Higher-Order Harmonics Reduction in Reset-Based Control Systems: Application to Precision Positioning Systems

TL;DR

This paper presents a tunable reset-based filter design that balances noise reduction and higher-order harmonics mitigation in precision positioning systems, enhancing control performance by addressing nonlinearities.

Contribution

It introduces a novel segmented lead CgLp filter structure and a frequency-based filtering technique to improve nonlinearities mitigation in reset control systems.

Findings

Effective reduction of higher-order harmonics demonstrated

Improved noise handling in reset control systems shown

Enhanced precision positioning performance achieved

Abstract

To address the limitations imposed by Bode's gain-phase relationship in linear controllers, a reset-based filter called the Constant in gain- Lead in phase (CgLp) filter has been introduced. This filter consists of a reset element and a linear lead filter.
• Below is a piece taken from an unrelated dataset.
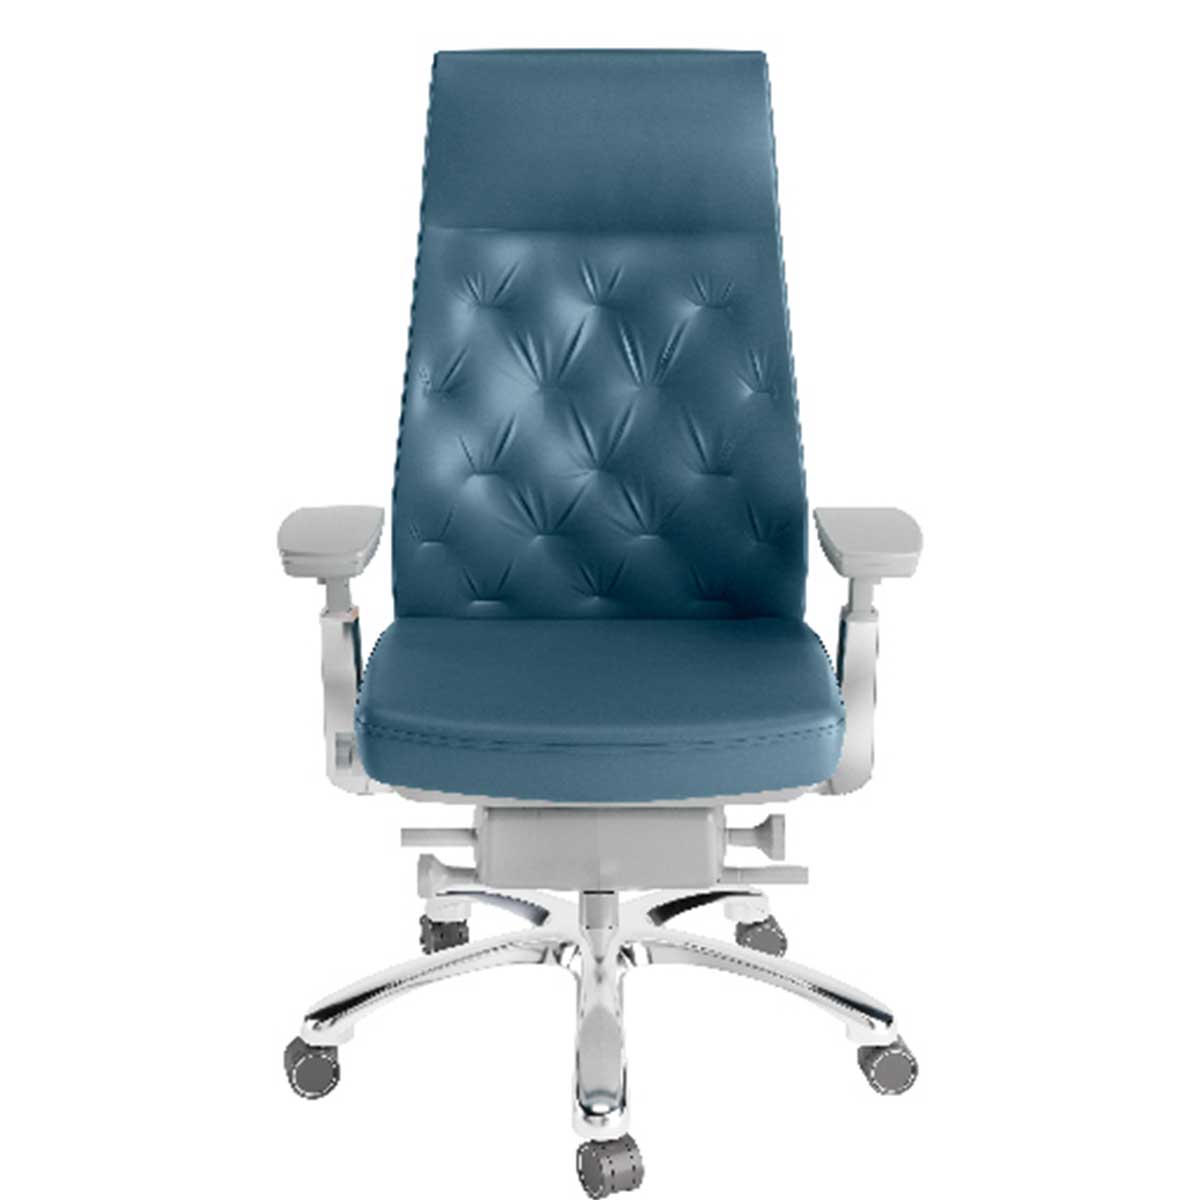 Boss Chair Manufacturers, Suppliers in Lawrence Road

However, the sequencing of these two components has been a topic of debate. Positioning the lead filter before the reset element in the loop leads to noise amplification in the reset signal, whereas placing the lead filter after the reset element results in the magnification of higher-order harmonics. This study introduces a tunable lead CgLp structure in which the lead filter is divided into two segments, enabling a balance between noise reduction and higher-order harmonics mitigation. Additionally, a filtering technique is proposed, employing a target-frequency-based approach to mitigate nonlinearity in reset control systems in the presence of noise. The effectiveness of the proposed methods in reducing nonlinearity is demonstrated through both frequency domain and time-domain analyses using a simulated precision positioning system as a case study.